[[ Supplied information open ]]

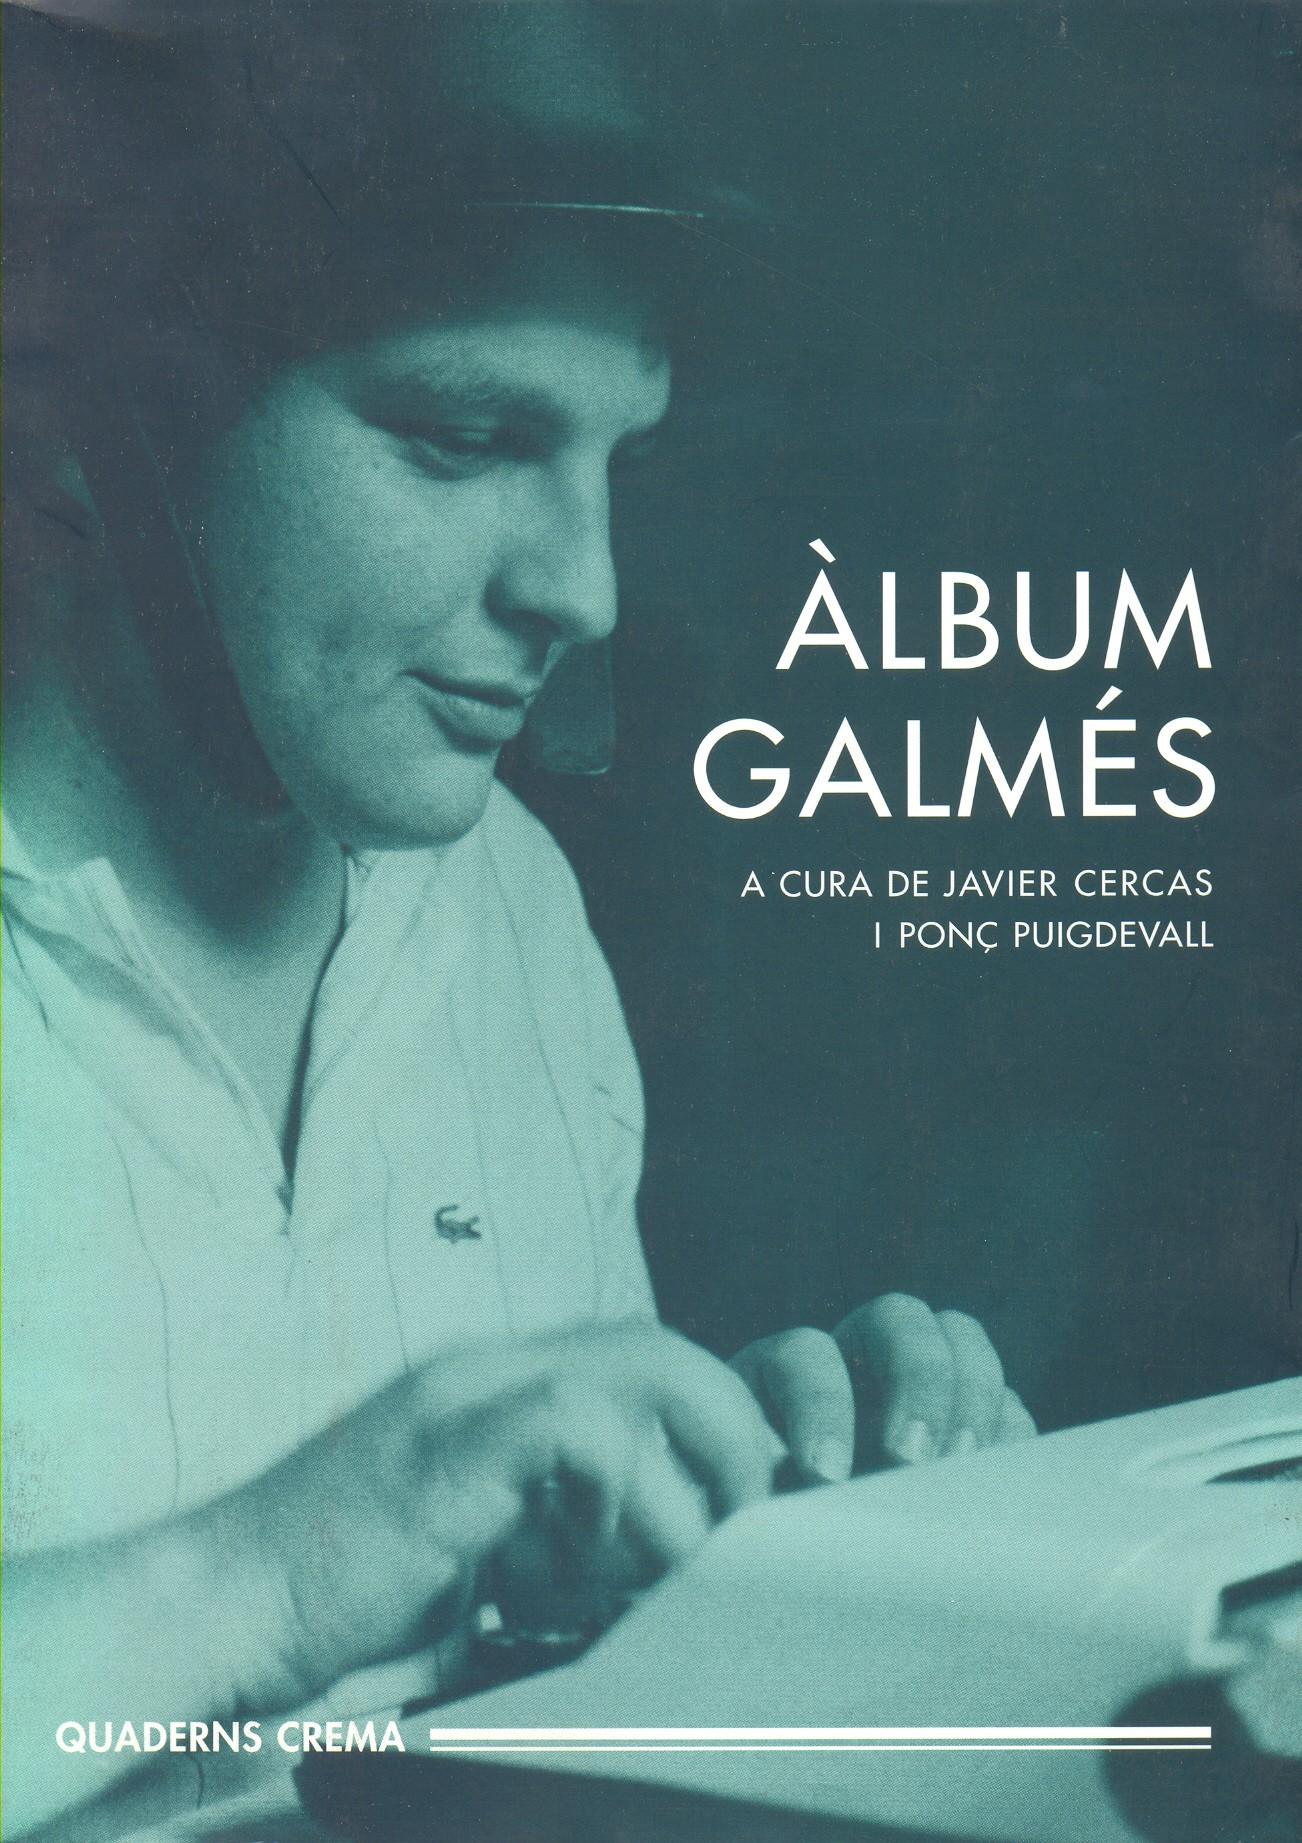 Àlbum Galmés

[[ Supplied information closed ]]
[[ Supplied information open ]]

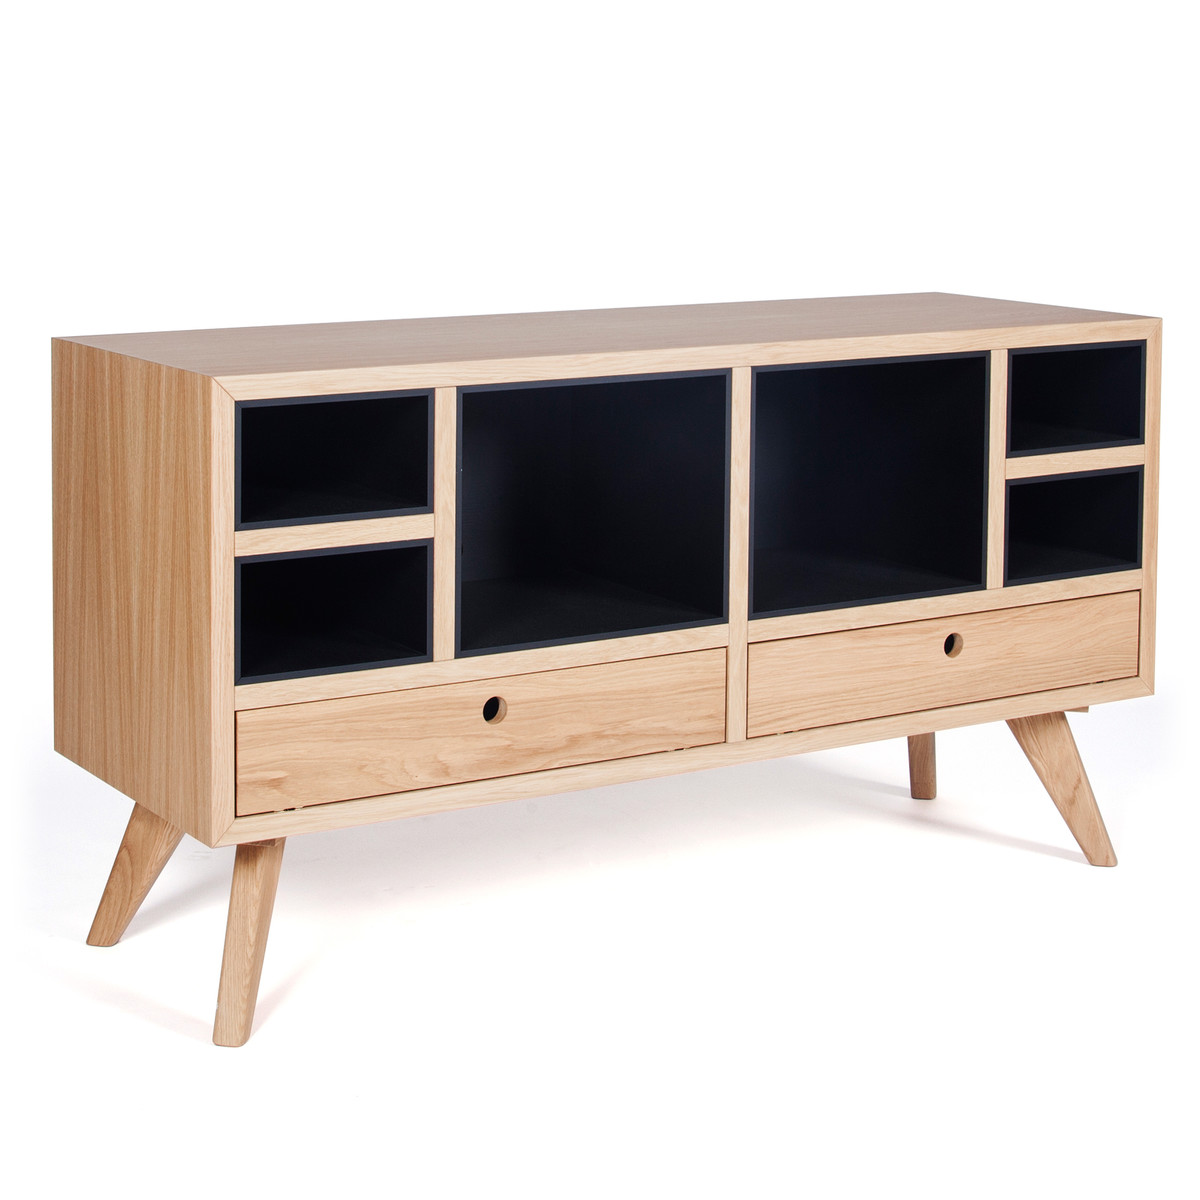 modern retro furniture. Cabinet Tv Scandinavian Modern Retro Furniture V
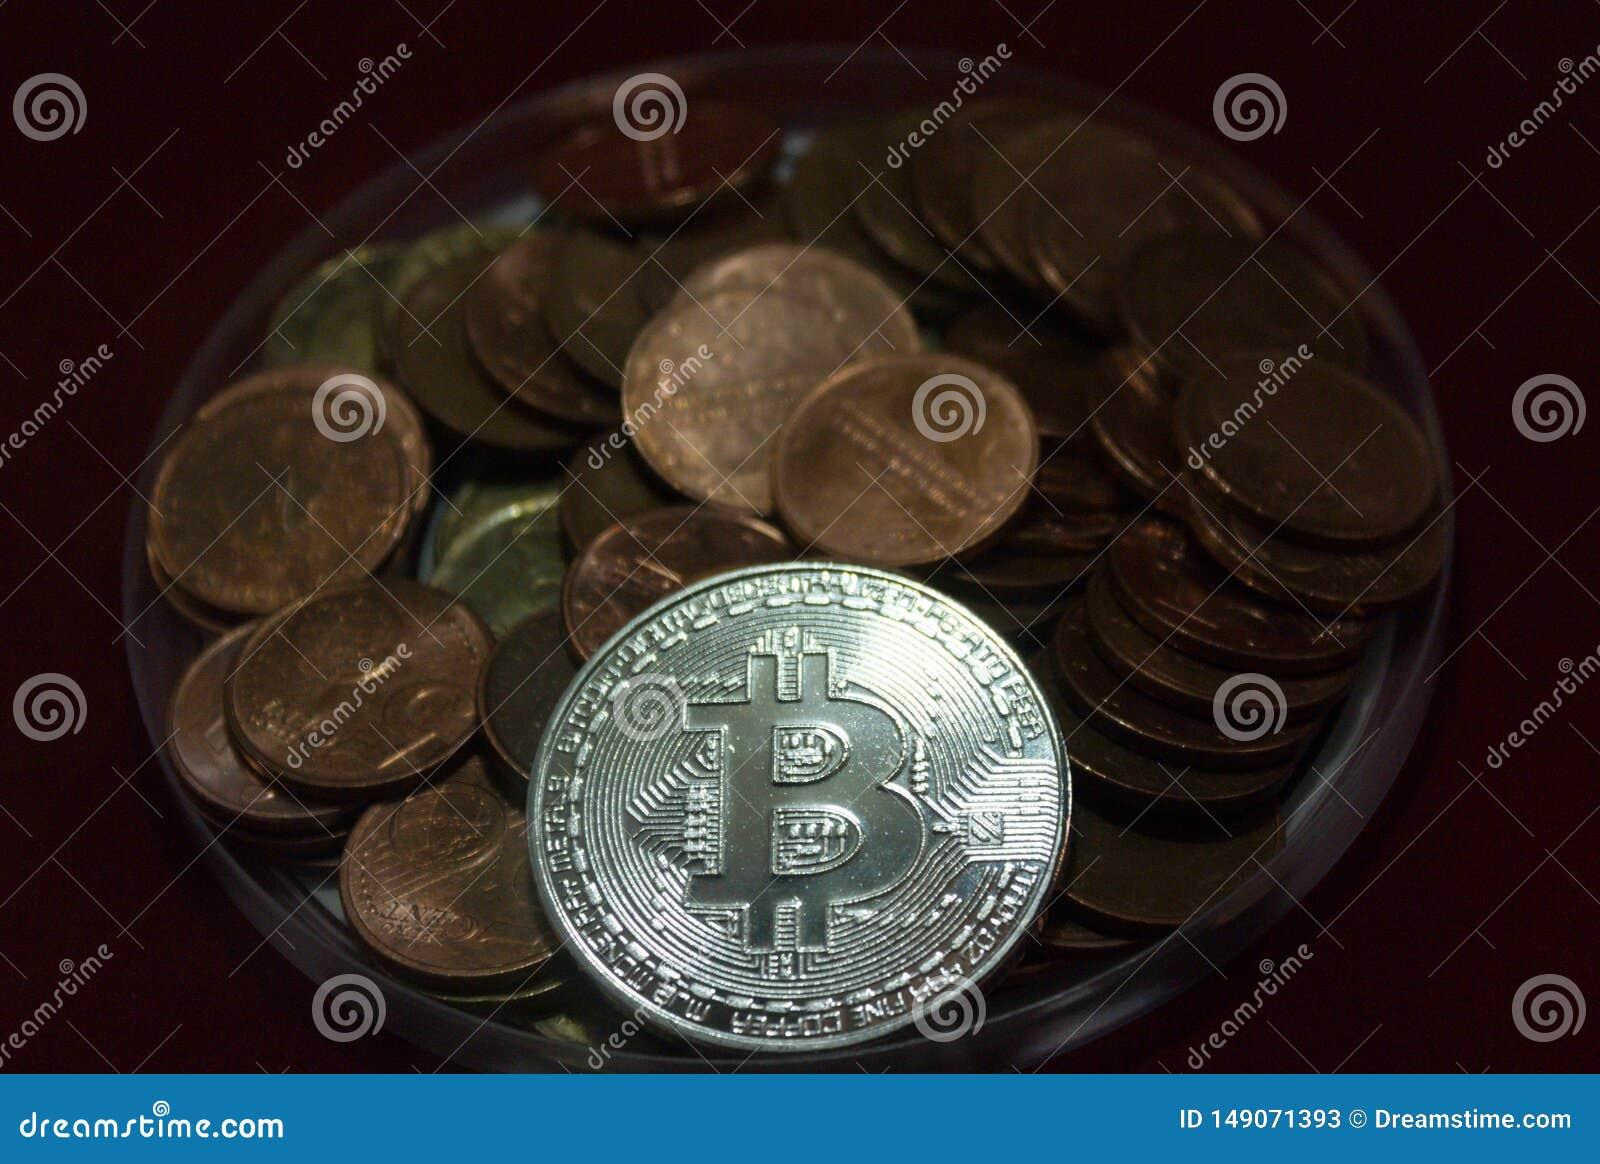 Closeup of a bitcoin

[[ Supplied information closed ]]
[[ Supplied information open ]]

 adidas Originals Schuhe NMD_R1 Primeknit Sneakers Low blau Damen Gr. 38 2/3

[[ Supplied information closed ]]

* Problem to solve: From the data above, retype only the lines starting with the line with "modern retro furniture." and going on through the line with "Closeup of a bitcoin", exactly, leaving out the pictures.

* Response:
 modern retro furniture. Cabinet Tv Scandinavian Modern Retro Furniture V
 Closeup of a bitcoin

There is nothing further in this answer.